▸ Data segment
------------------------------------------------

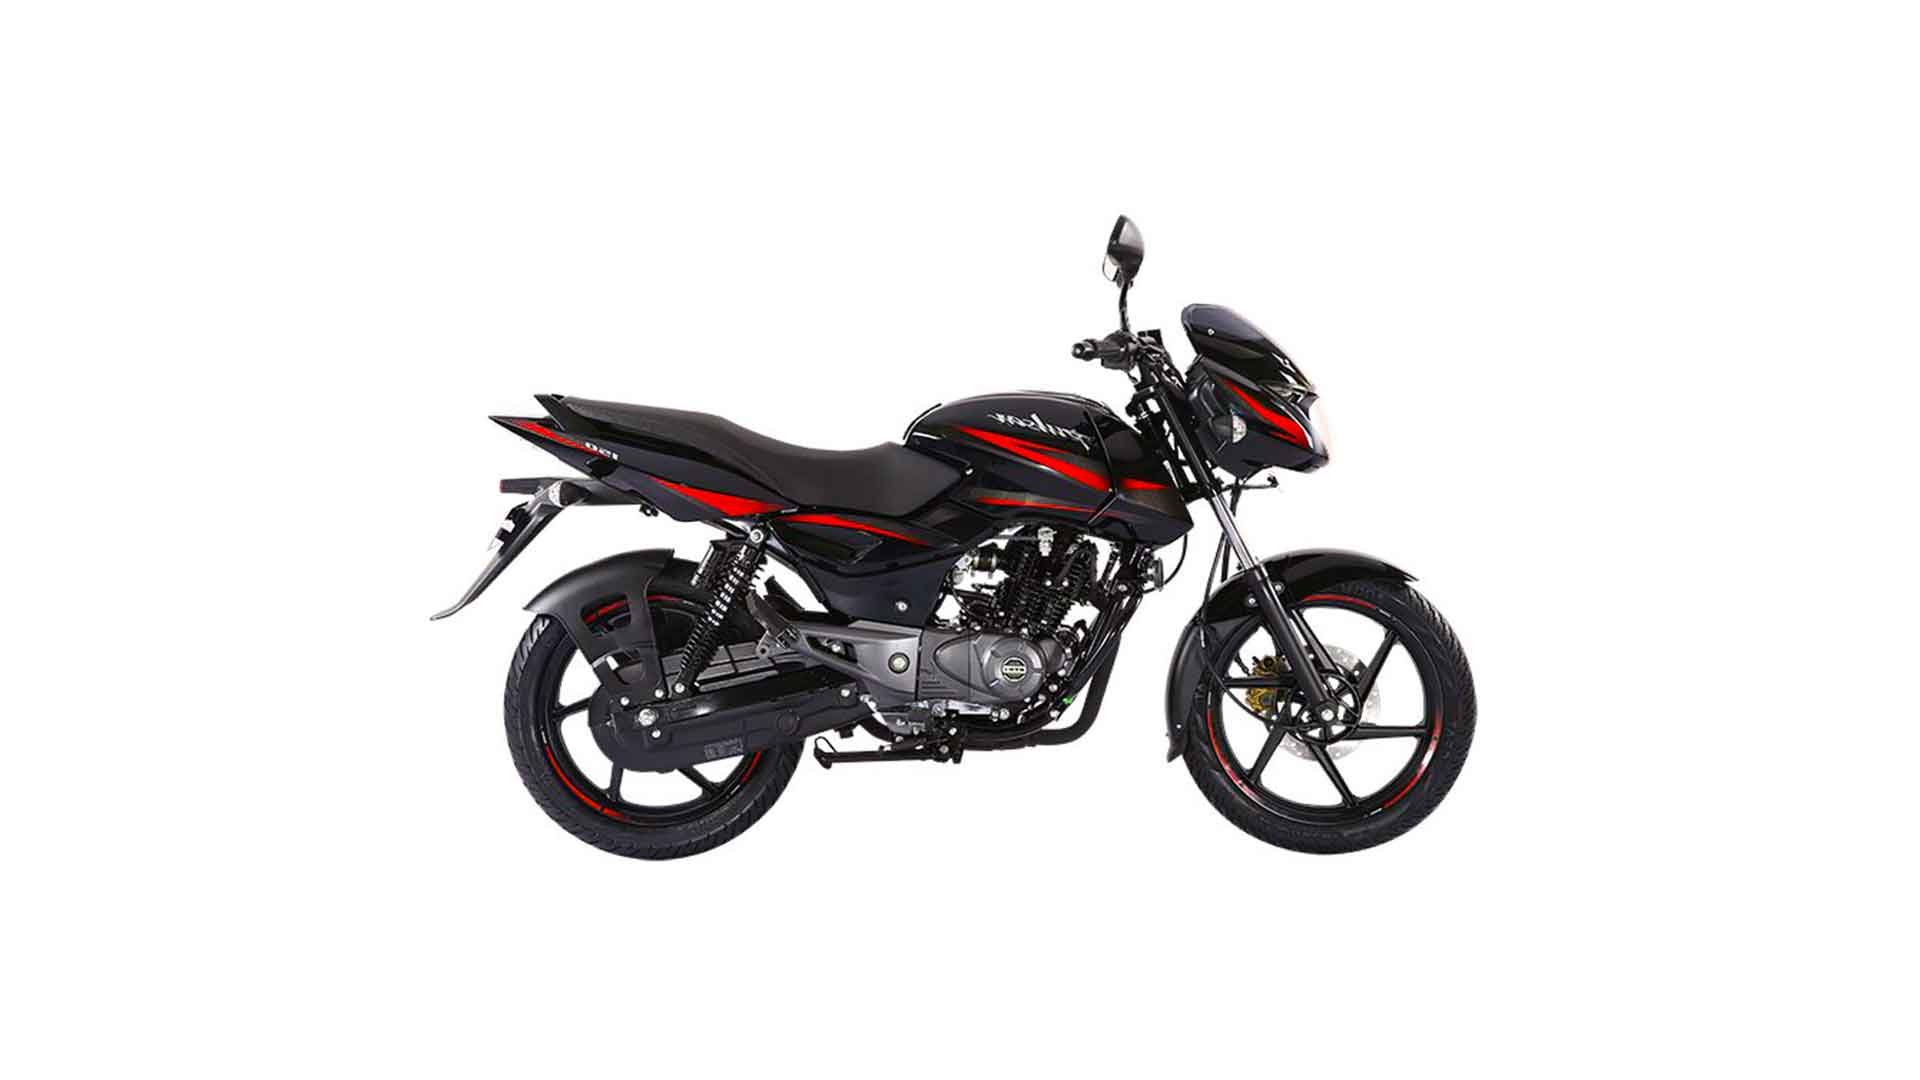 Pulsar 150 SD Price in Bangladesh - Bengal Biker | Motorcycle Price ...
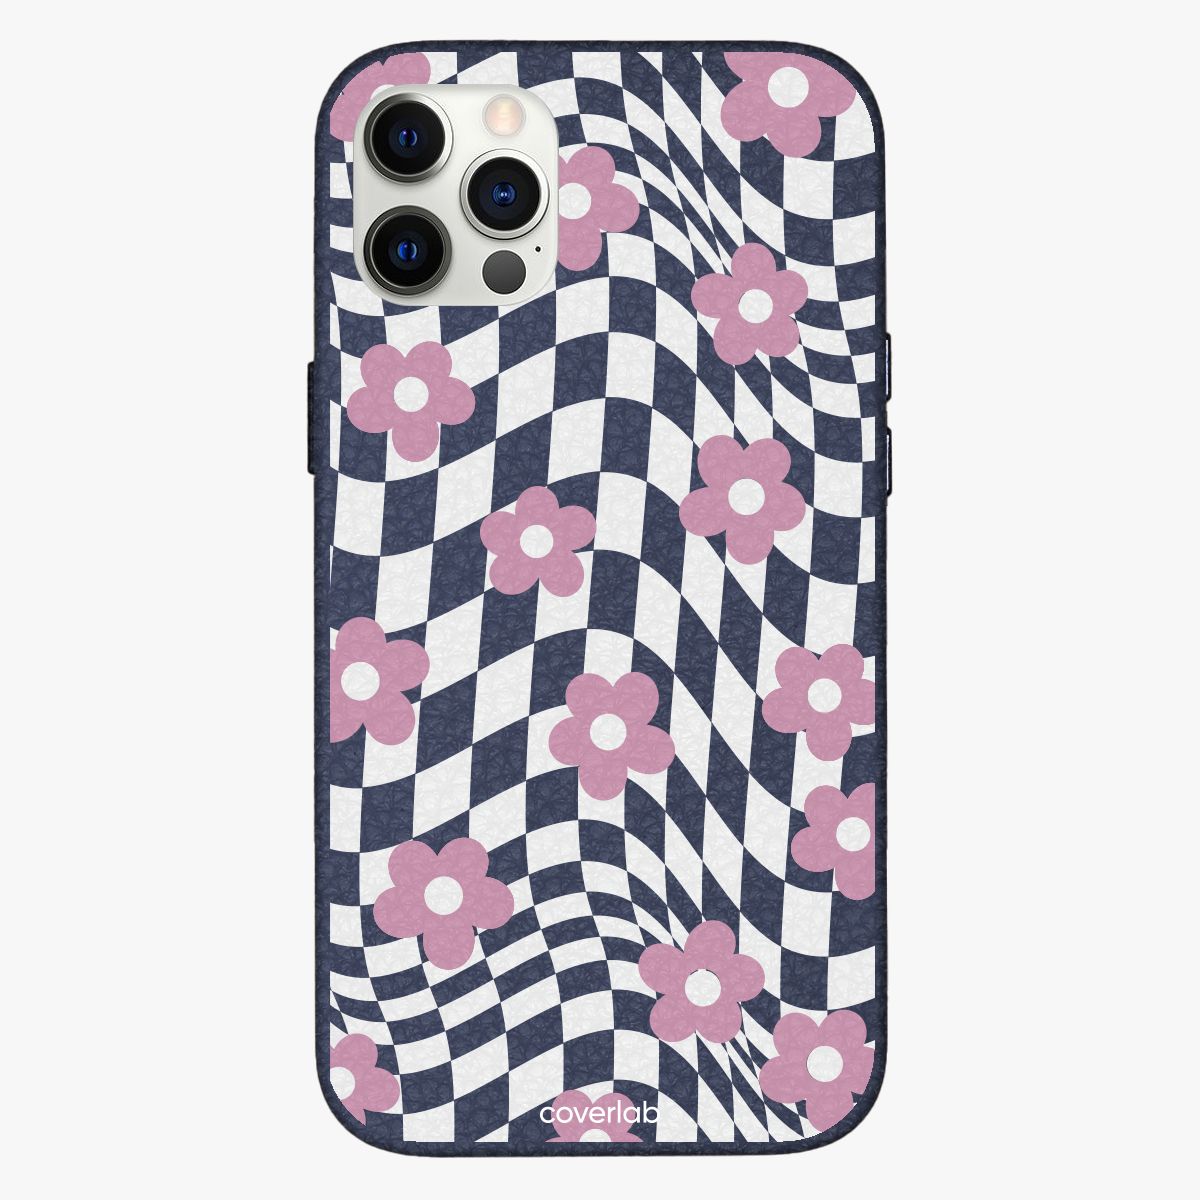 Schach und Blumen personalisierte Leder iPhone Hülle
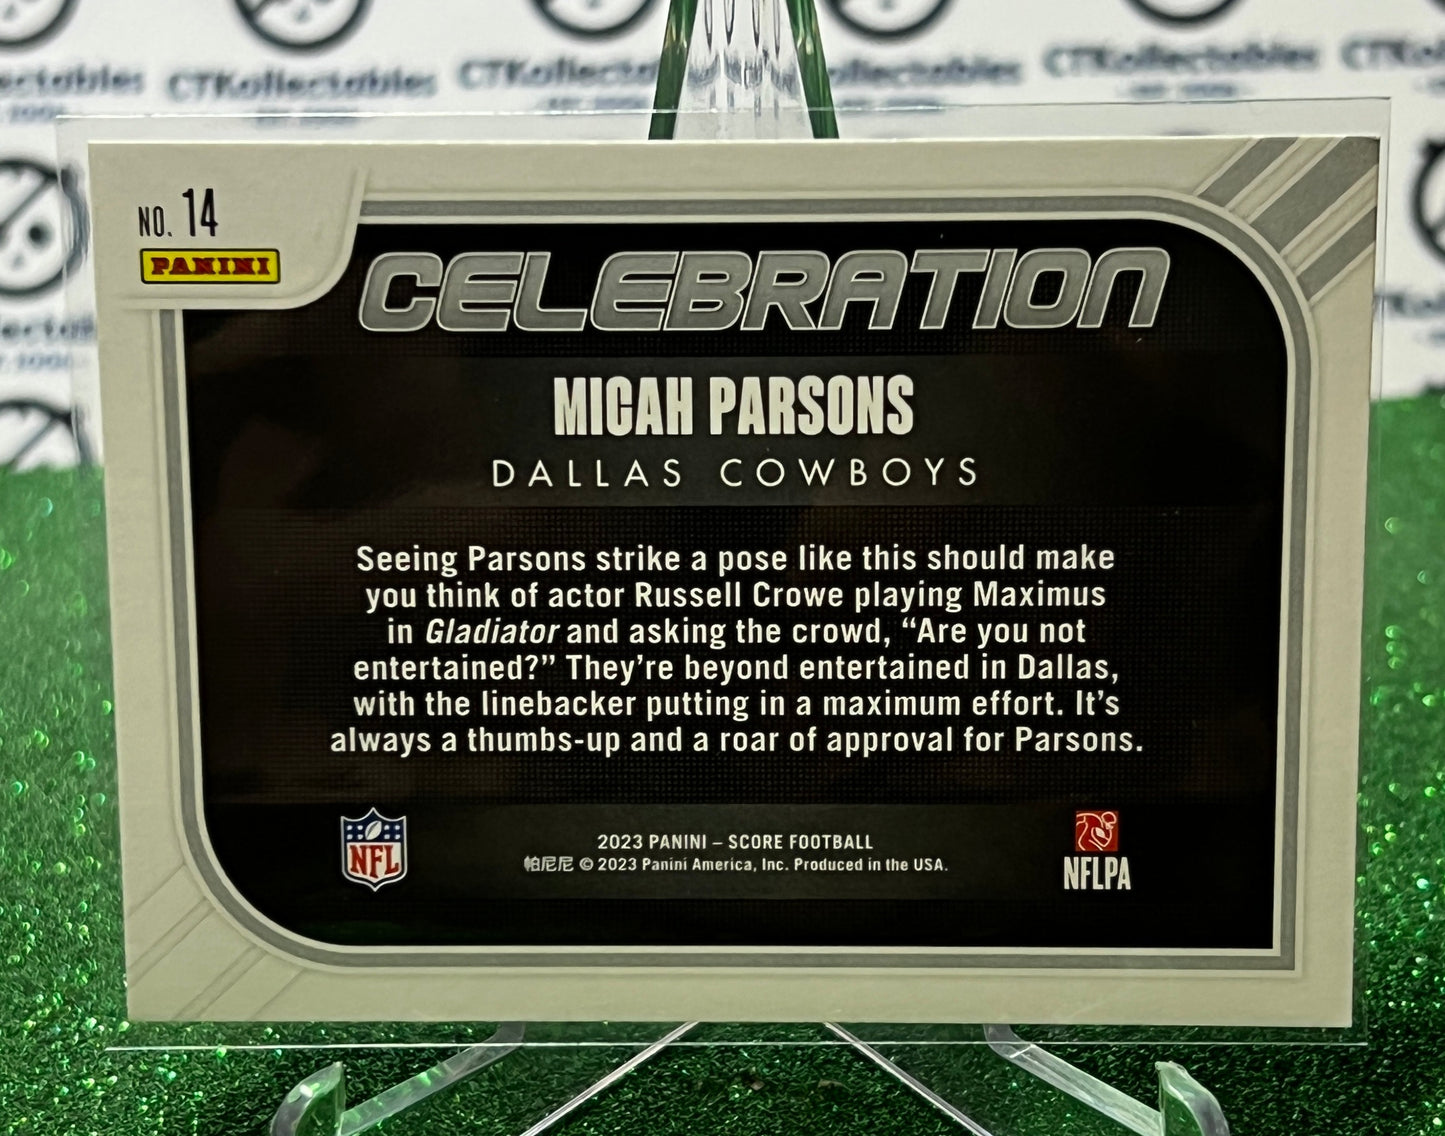 2023 PANINI SCORE MICAH PARSONS # 14 CELEBRATION NFL DALLAS COWBOYS GRIDIRON CARD
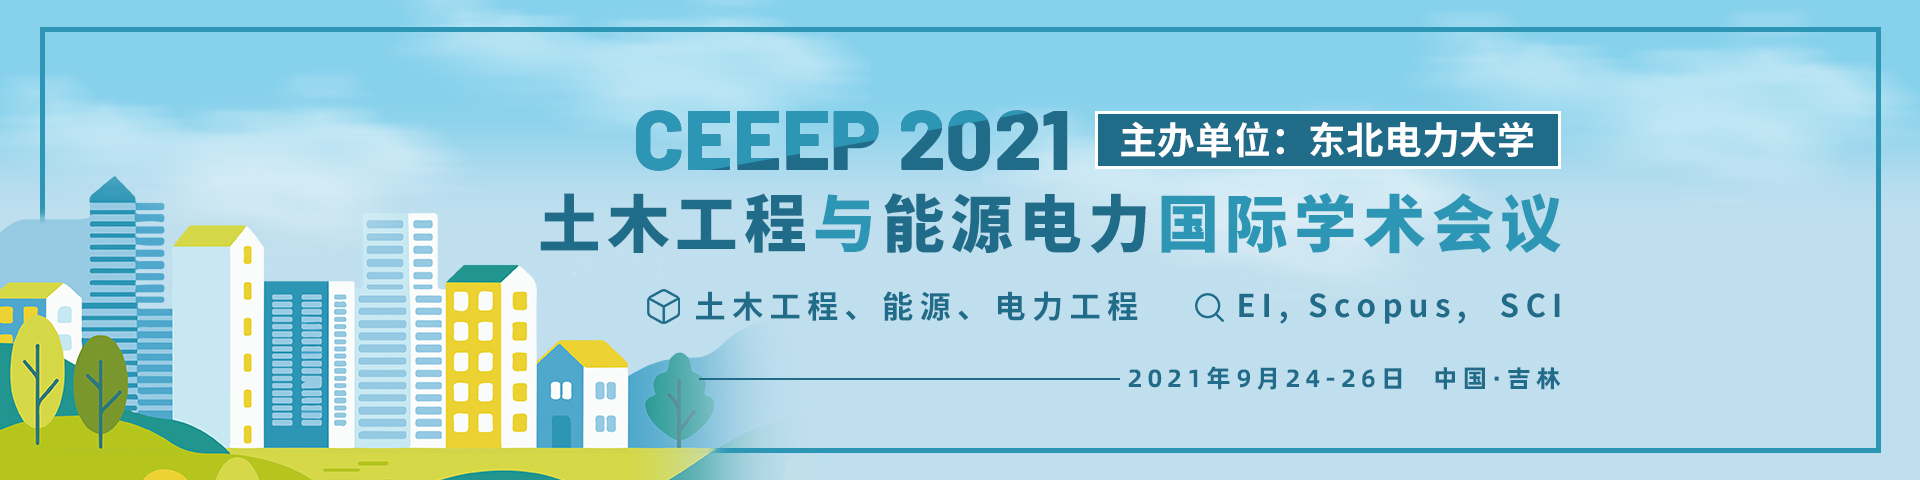 9月-吉林-CEEEP2021-艾思-何霞丽-20210318 .jpg

------------------------------------------------

▸ Exercise brief
Skipping all pictures, set the listing down exactly as written.

▸ Solution to this exercise
 Pulsar 150 SD Price in Bangladesh - Bengal Biker | Motorcycle Price ...
 Schach und Blumen personalisierte Leder iPhone Hülle
 2023 PANINI SCORE MICAH PARSONS # 14 CELEBRATION NFL DALLAS COWBOYS GRIDIRON CARD
 9月-吉林-CEEEP2021-艾思-何霞丽-20210318 .jpg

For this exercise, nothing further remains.